Aunque era casi medianoche, todavía estaba vestido con ropa de día y parecía que se había apresurado para encontrarse con el príncipe heredero.

—Su Gracia —dijo Rylen al entrar, haciendo una reverencia hacia la cama.

—Aquí —llamó una voz desde la dirección opuesta.

Rylen levantó la cabeza para ver que Caius no estaba en la cama; más bien, estaba junto a su escritorio revisando algunos documentos.

Estaba sin camisa, con la mesa ocultando la mitad de su cuerpo.

—Su Gracia —llamó Rylen, incapaz de ocultar su sorpresa—.

¿Está despierto?

Caius mantuvo su expresión neutral mientras levantaba lentamente la cabeza del papel que sostenía.

—¿Por qué te sorprendes?

¿No viniste aquí esperando que estuviera despierto?

—Bueno, no solo está despierto, sino que parece ocupado.

Caius entornó los ojos hacia Rylen, más porque su sorpresa no podía ser culpada.

Caius evitaba trabajar a menos que fuera algo que nadie más pudiera hacer.

Esto no era algo que se requiriera que hiciera—podría haberlo asignado a Rylen y pedirle el resumen más tarde.

Sin embargo, tenía que hacer esto últimamente ya que era excelente para distraer su mente de las cosas.

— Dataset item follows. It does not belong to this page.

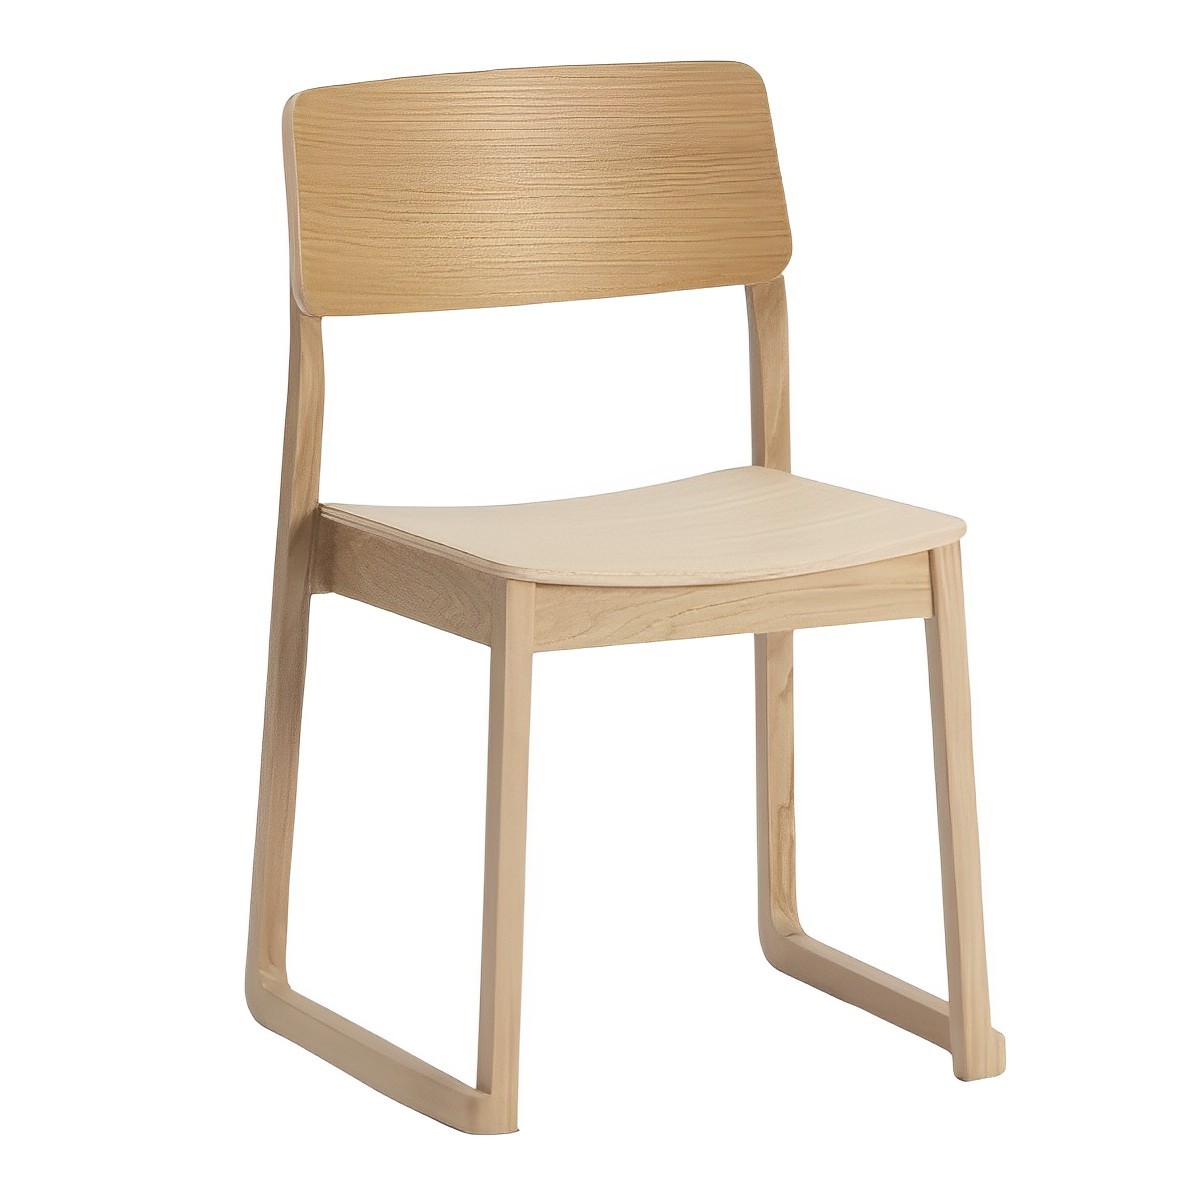 Sori Chair - Wood Seat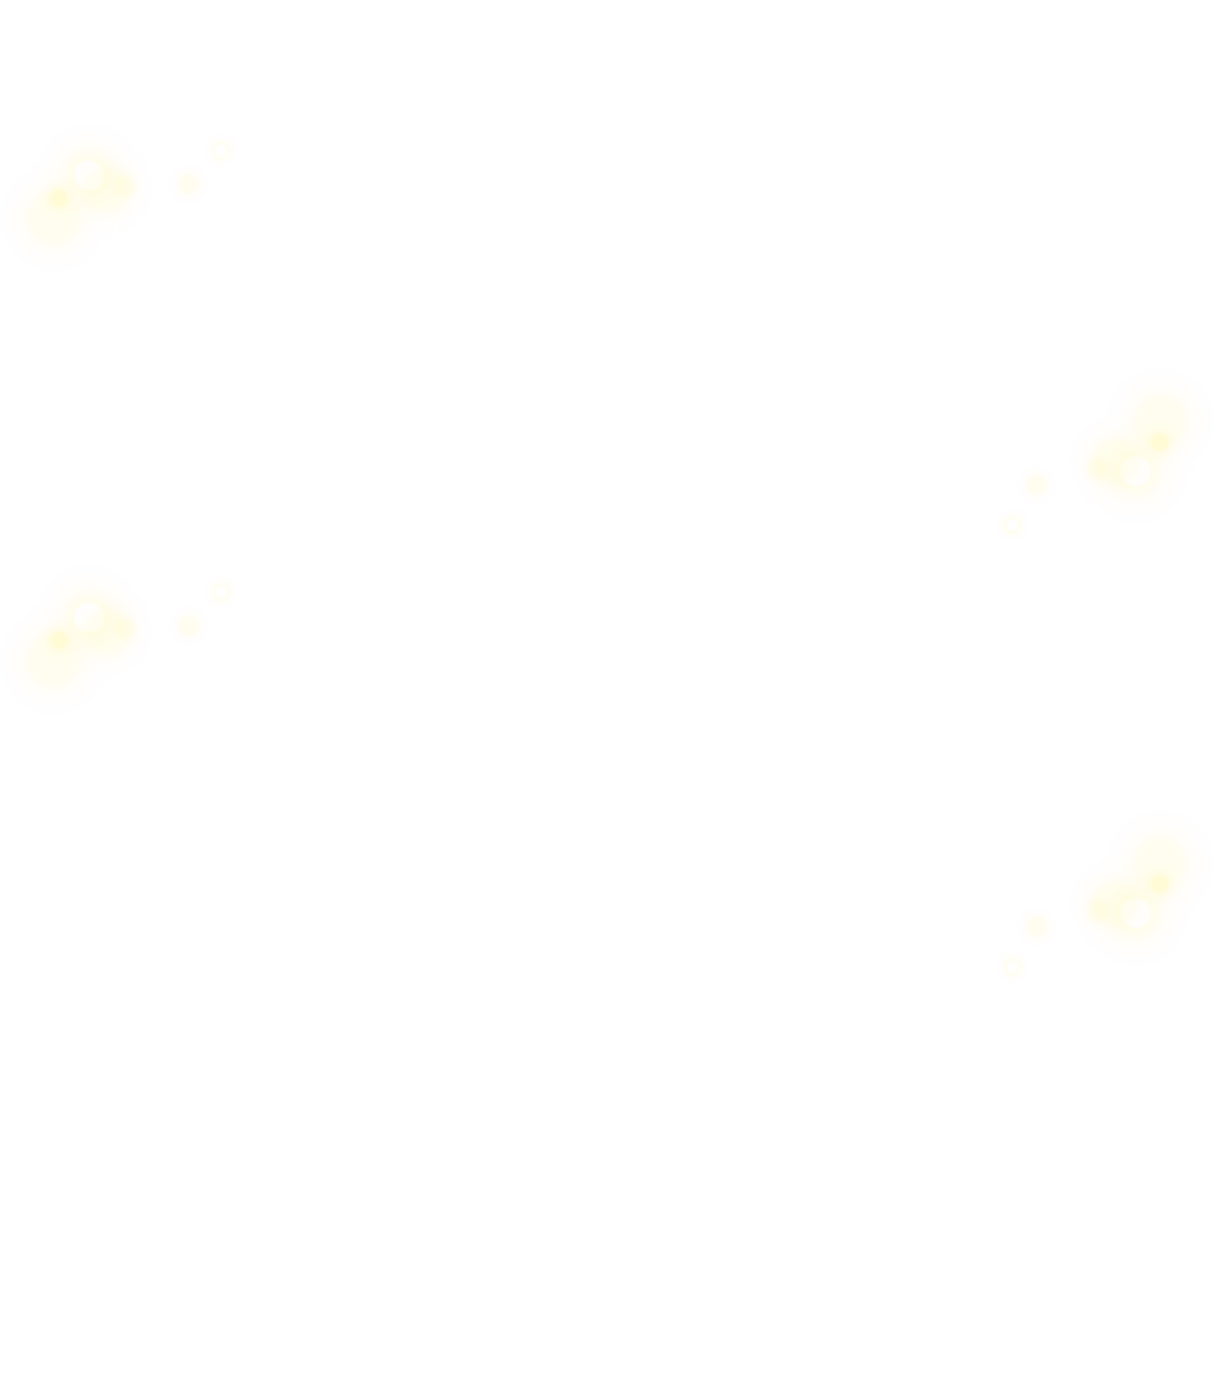 2019年に好評を博したコンサートツアー「WORLD MUSICAL」の第2弾。11月21日に東京・Bunkamura オーチャードホールにて開催したコンサートの模様を独占放送！そして今回、LE VELVETSがロケに初挑戦。青春時代を過ごした校舎や、学生時代に通っていた思い出の場所などメンバーゆかりの地をご紹介します。さらに懐かしの味や、当時を知っている方との再会もありコンサートでは見せない素顔をお届けします。 【出演】 LE VELVETS（ル ヴェルヴェッツ）宮原浩暢（Baritone）、日野真一郎（Tenor）、佐藤隆紀（Tenor）※佐賀龍彦は病気療養中のため、本公演は出演致しません。

Sus días estaban actualmente ocupados con los preparativos para que Lord Leopold partiera con guardias; eran las noches las que eran problemáticas.

Le molestaba hasta el límite que ella estuviera justo al otro lado del pasillo y, sin embargo, aquí estaba él atendiendo reservas.

—Solo di tu asunto, Rylen —dijo Caius en su lugar.

Ya podía adivinar por qué estaba aquí su primo.

Esta noche era cuando la subasta de máscaras sería allanada.

Como el Príncipe Rylen estaba aquí, no había duda de que traía noticias—si eran buenas o malas quedaba por verse.

—Thomas ha regresado —anunció Rylen.

Caius levantó una ceja.

—¿Más rápido de lo que pensaba.

¿Qué noticias trae?

—preguntó Caius.

—Mayormente buenas noticias.

La redada fue exitosa.

Llevaron a cabo sus órdenes por completo.

Los animales serán liberados en la naturaleza, y en cuanto a los niños, se encontrarán a sus padres, y dependiendo de cómo llegaron a la subasta, se impondrán castigos.

—Bien.

Dijiste ‘mayormente’.

No veo qué está mal.

—Bueno —Rylen se aclaró la garganta—.

Algunos lograron escapar—el subastador enmascarado y algunos otros guardias.

Caius no pudo ocultar su decepción.

Aunque el objetivo no era el subastador enmascarado, sabía que eso sería un paso más cerca de encontrar quién estaba a cargo de la subasta de máscaras.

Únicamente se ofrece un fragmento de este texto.